The act of adding boiling water to flour is actually a very common technique used in Scandinavian and Asian baking to pre-cook the starch in the flour so it takes on a jelly-like texture (via Virtuous Bread). The result is a softer, squishier bread without the addition of any extra fat.

How to work with scalded flour

The process of scalding flour is a bit more complex than simply adding boiling water to your bread recipe, as shown in this Virtuous Bread video on Vimeo. Instead, you should heat water to boiling, stir it into a portion of the flour being used, and then leave it to cool completely, often overnight, until it's the texture of wallpaper paste, before then adding it to the remaining flour and other ingredients.
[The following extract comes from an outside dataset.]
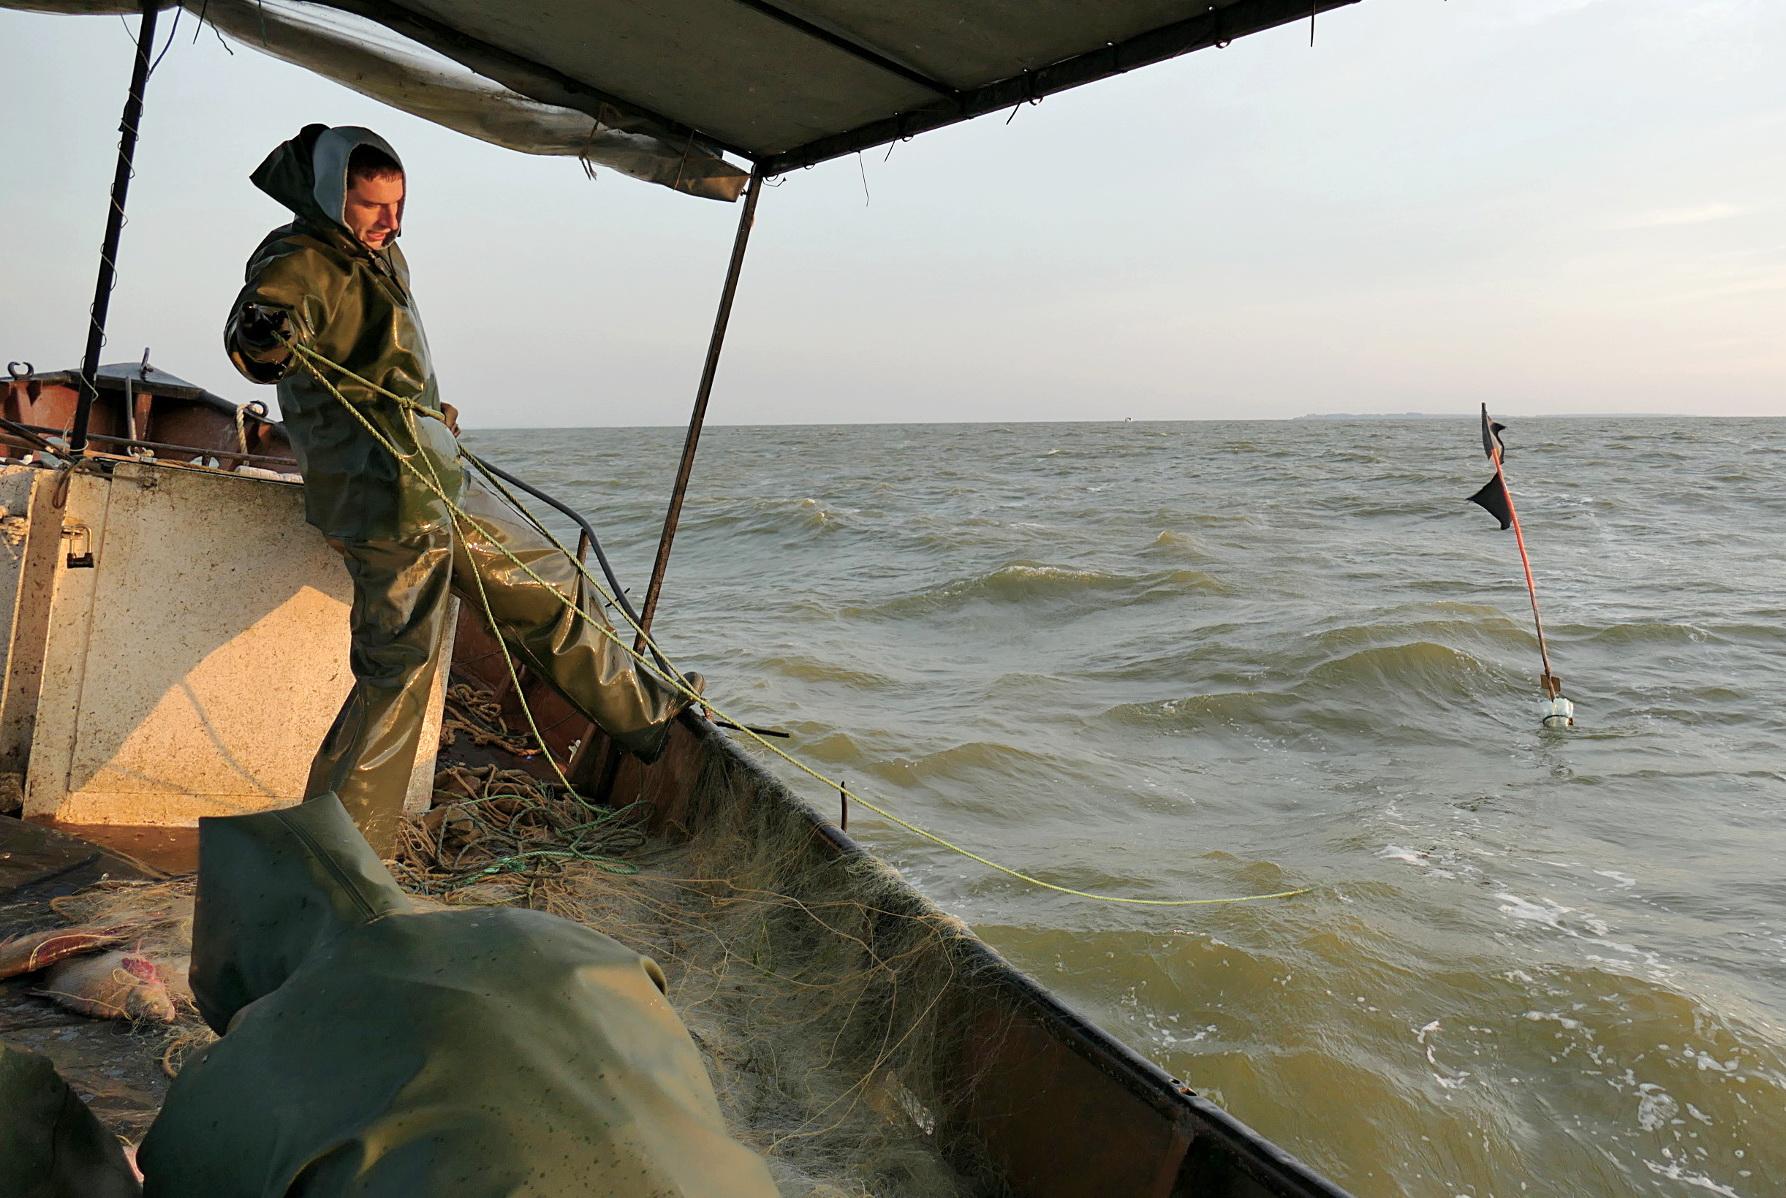 """Retai pasitaiko galimybė išplaukti į ne parodomąją ar pramoginę, o tikrą žvejybą su fotoaparatu rankose. Šįkart į savo žvejybinį botą, plaukusį patikrinti tinklų, sutiko priimti UAB """"Marių ežia"""" vadovas Arūnas Surdokas."""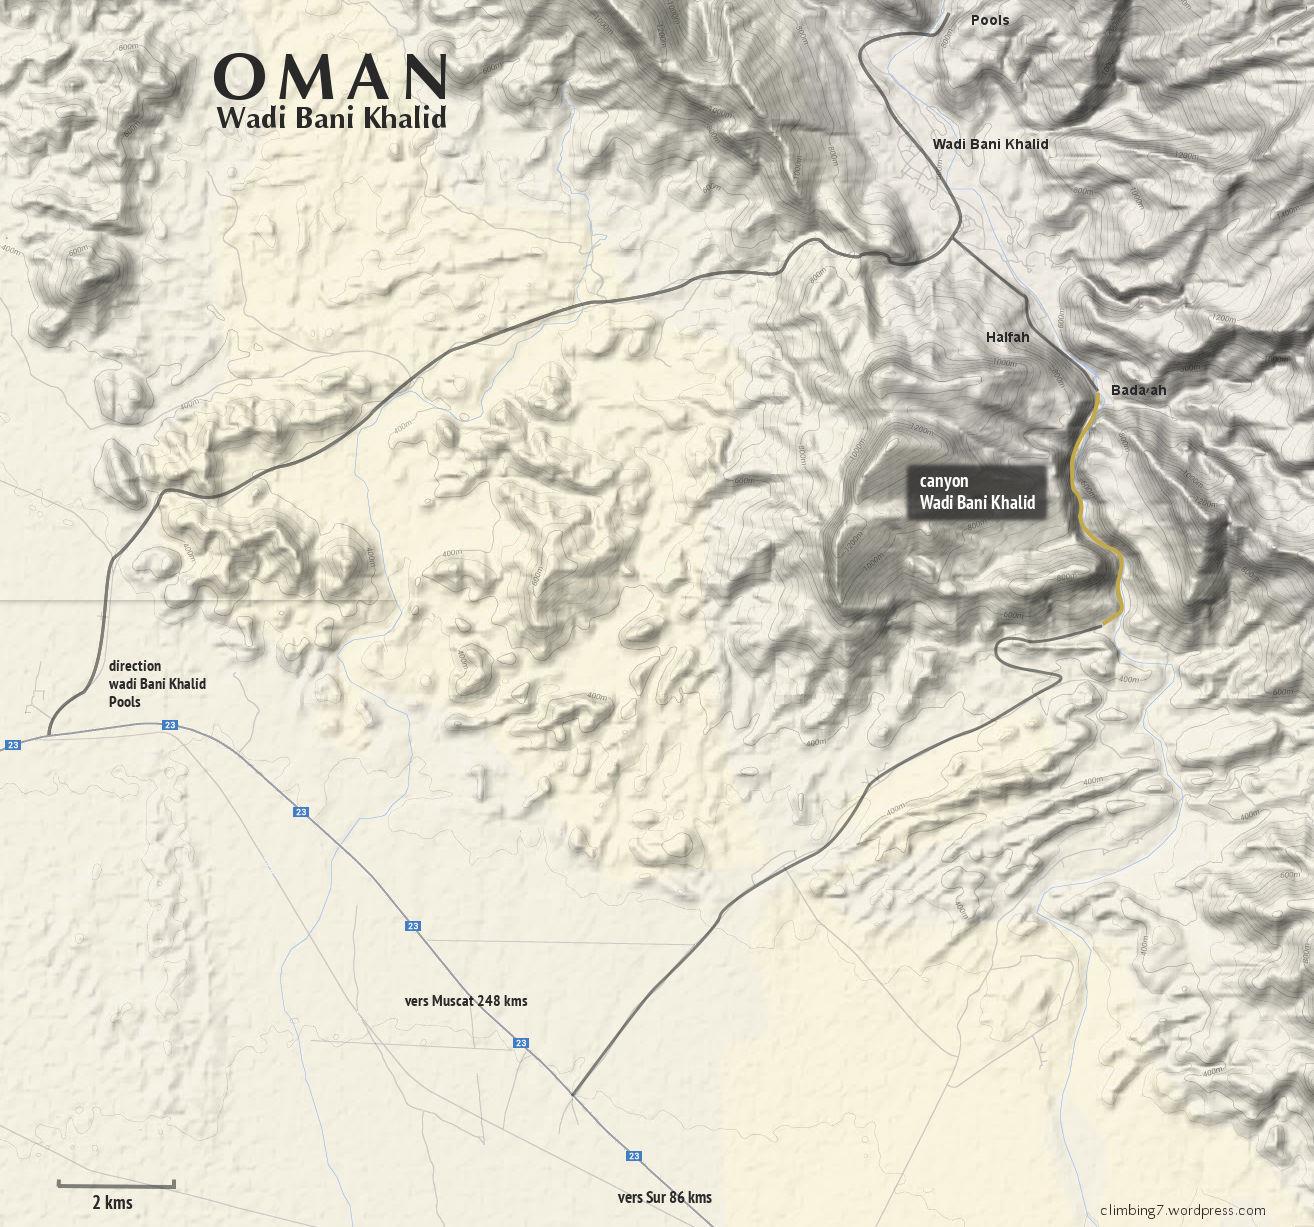 1-accc3a8s-canyon-wadi-bani-khalid.jpg

In the Scandinavian tradition, this technique is typically used with milled whole grains (as opposed to refined flours), since the process helps with the conversion of starches to sugars, which will result in a nice, subtly sweet taste to compliment the strong or sour flavors of those unrefined grains (via The Rye Baker).

If you're more interested in scalding refined flour, you should instead look to a process called tangzhong, which is more typically used in countries like China, Japan, and Malaysia. It requires taking about a third of the flour in the bread recipe and adding five times its weight in liquid (much more than the flour could typically absorb), then cooking that mixture until it forms a wet gel. This version of scalding flour is less about flavor and more about pre-gelatinizing the starches so they can hold onto more liquid (via King Arthur Baking). Because of the added liquid, the resulting loaves or buns will be especially chewy and moist, plus they will have the added benefit of staying fresh for longer.